The Nigerian naira declined yet again on Tuesday at the official market bringing the gap between the bank rate and street rate to less than 1 percent.
That’s the closest both rates have been since mid-June when the Central bank allowed the naira to trade more freely against the US currency.
The exchange rate at the official market even briefly overtook the rate on the streets on the day after the naira was quoted at N1,531 per US dollar in intra-day trading.
The naira however ended the day weaker than the previous day at N1,482 per dollar in the official market while also closing weaker at N1,490 per dollar in street trading, according to data collated from multiple traders, as strong demand intensified amid shortage.
Analysts and investors are watching closely to see if the gap will stay this way or start to widen again.
“How the gap evolves from here depends on if the CBN does the right thing or not,” a business leader told BusinessDay.
“We will perhaps have a true value determination and as bad as the fall is we should now be able to attract cash into the market. This is the test for the CBN. Will they get it right?,” the business leader said.
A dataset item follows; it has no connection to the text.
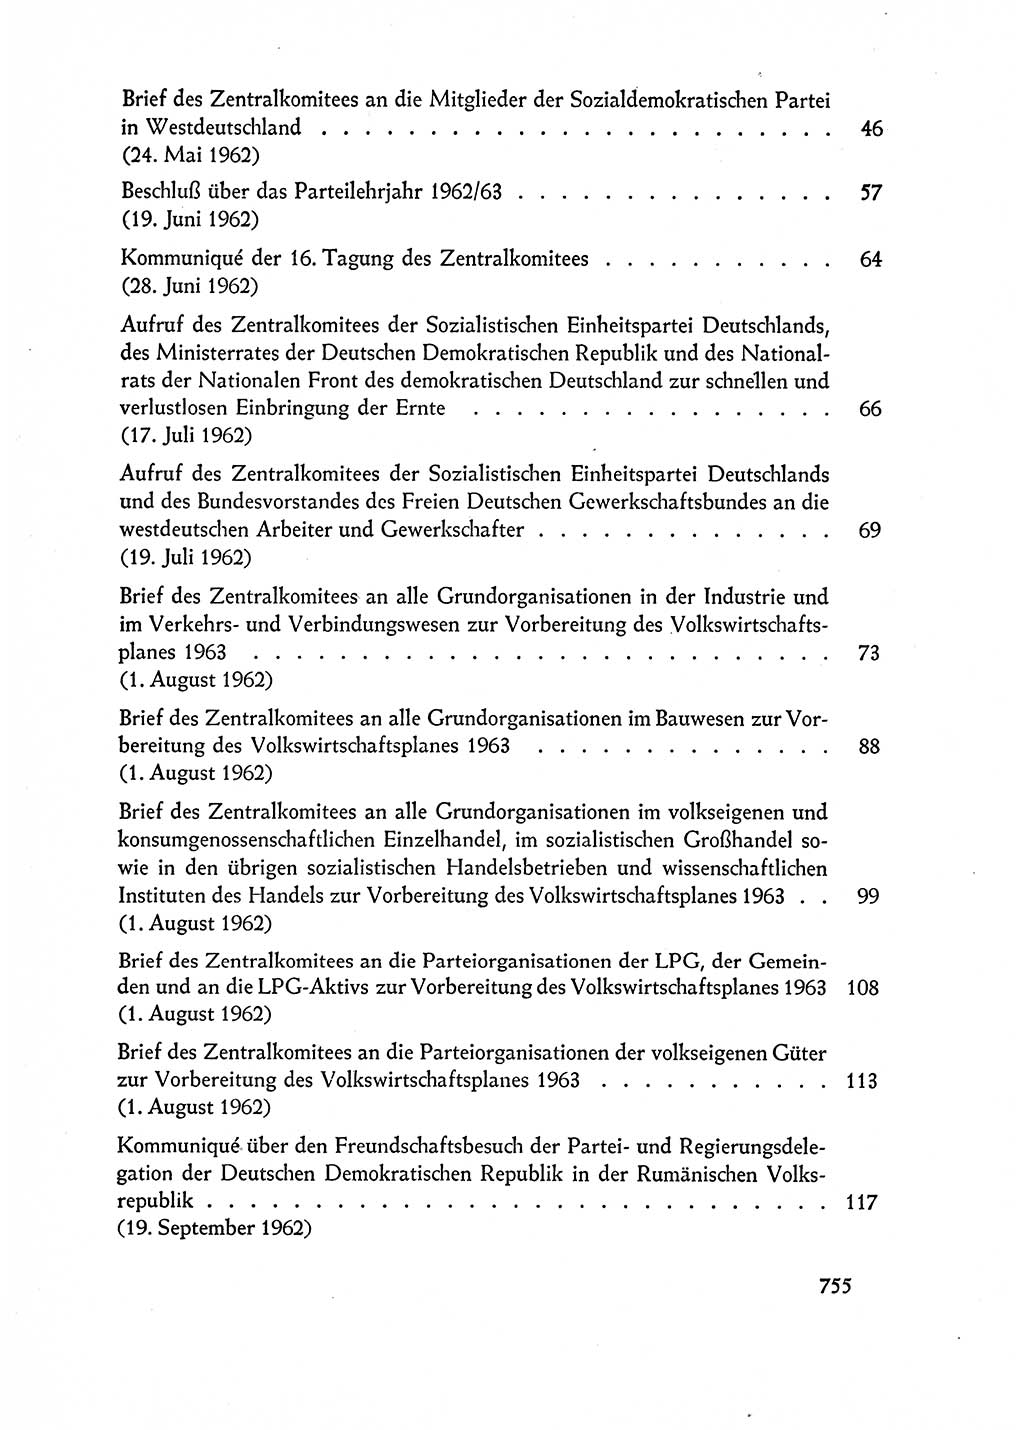 Dokumente der Sozialistischen Einheitspartei Deutschlands (SED) [Deutsche Demokratische Republik (DDR)] 1962-1963, Seite 755 (Dok. SED DDR 1962-1963, S. 755)
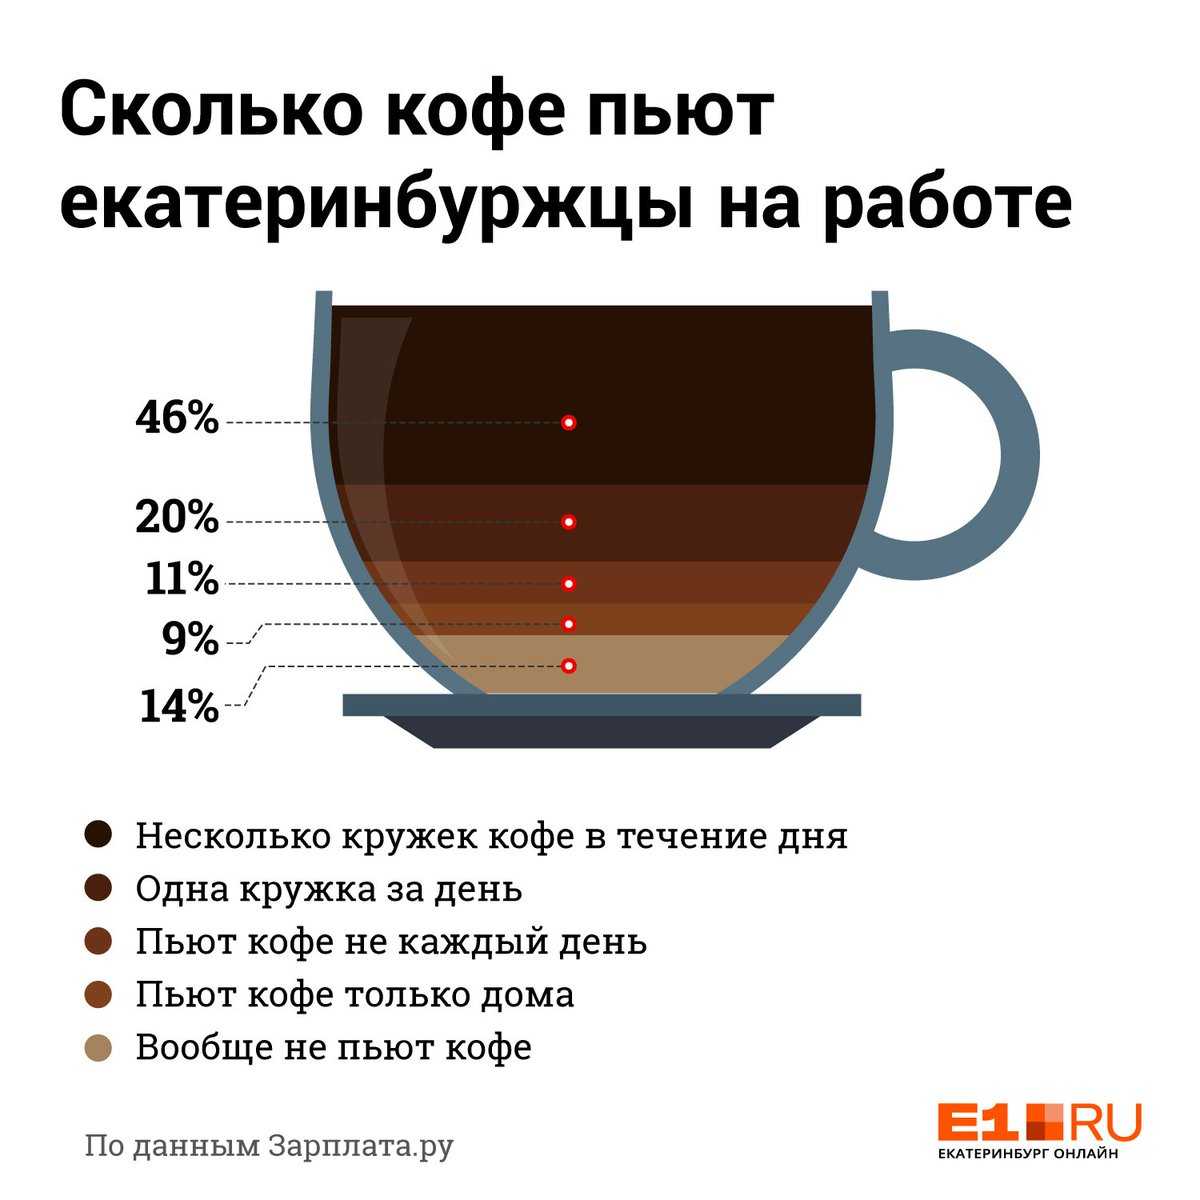 Кофе стимулирует умственную деятельность и повышает работоспособность Но имеет свои минусы: обезвоживание, повышение артериального давления BeautyHack разбирается, кому и сколько можно пить кофе

Investors had faulted the CBN’s lack of transparency with the rates at the official market. The rate had been fairly stable despite acute dollar shortages in the market until this week after the CBN made changes. The intra-day rates painted a more realistic picture of the naira’s level than the closing rate.
That however changed on Monday after a reassessment by the CBN of the methodology employed to determine the exchange rate.
The primary goal of the change according to CBN sources is to mitigate fluctuations in the foreign exchange market and ensure that rates align more accurately with prevailing market conditions.
“We believe the naira will continue the slippery slope given the lingering huge oil theft that has reduced FX supply to the CBN,” Ayodeji Ebo, managing director/CBO, Optimus by Afrinvest, said.
He said increasing crude oil production from the current 1.35mbpd to over 1.65mbpd is the short-term fix to create a steady FX supply to the CBN as well as provide support for any FX raised through Eurobonds, multilateral arrangements, and FX structures, adding that the medium to long-term fix is to increase non-oil exports.